The 1962 Kefauver-Harris Amendment Act
To address this public outcry, the public scrutinized methods and policies for drugs, and thalidomide made congress pass the 1962 Kefauver-Harris Amendments to the 1938 Food, Drug, and Cosmetic Act. Before this Act, there was no federal law requiring the medical professionals to maintain the records of drugs they have prescribed or follow up for their patients except for the original FDA, which only needed the product to be safe (Rucker & Young, 2021).
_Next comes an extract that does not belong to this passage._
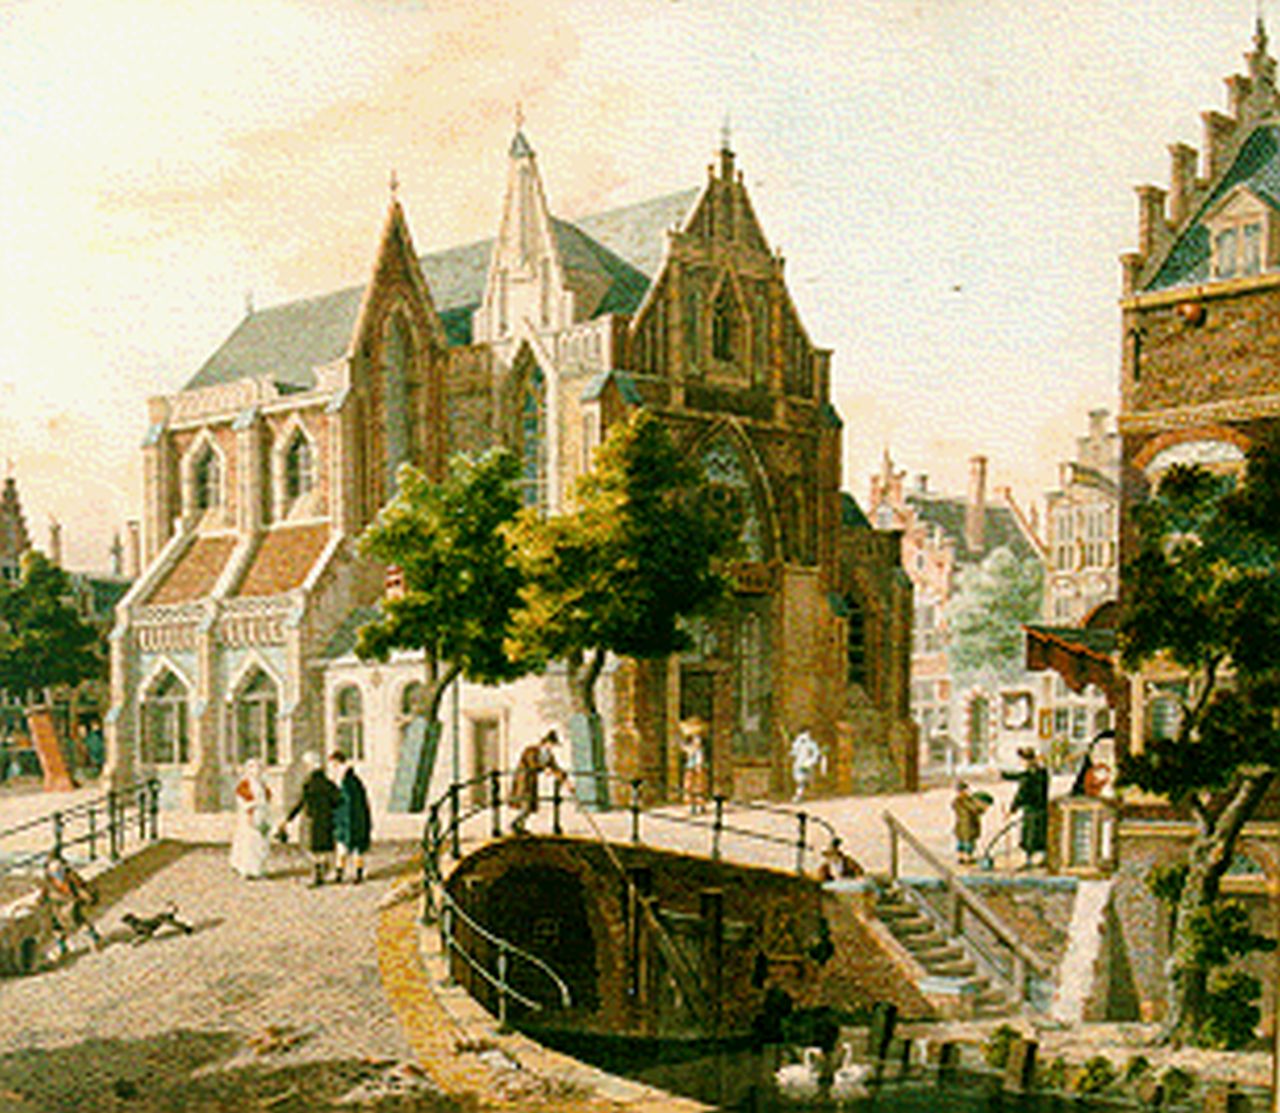 Verheijen J.H.  | Jan Hendrik Verheijen, Stadsgezicht met wandelaars, aquarel op papier 36,0 x 41,5 cm, gesigneerd middenonder en gedateerd 1811

The amended Act proved successful in controlling the safety and efficacy of drug distribution in the market. It required that any pharmaceutical company seeking to develop and publicize the drug must be approved by the FDA and provide a detailed outline of the clinical study information. Before the 1962 Act, if the FDA delayed approval of a drug application within six months, the drug would be approved automatically within the next six months. For instance, the amendment Act slowed the approval of drug applications. So, it empowered the FDA to regulate pharmaceutical companies.
References
Atoyebi, S. A., Rajoli, R. K., Adejuyigbe, E., Owen, A., Bolaji, O., Siccardi, M., & Olagunju, A. (2019). Using mechanistic physiologically-based pharmacokinetic models to assess prenatal drug exposure: thalidomide versus efavirenz as case studies. European Journal of Pharmaceutical Sciences, 140, 105068.
Moro, A., & Invernizzi, N. (2017). The thalidomide tragedy: the struggle for victims rights and improved pharmaceutical regulation. História, Ciências, Saúde-Manguinhos, 24(3), 603-622.
Morrison D. (2020). Poor balance, bilateral upper limb phocomelia, no previous exercise: a challenging combination for fall prevention in a middle-aged thalidomide survivor. BMJ case reports, 13(1), e231345. Web.
Rucker, J. J., & Young, A. H. (2021). Psilocybin: From Serendipity to Credibility?. Frontiers in Psychiatry, 12, 445.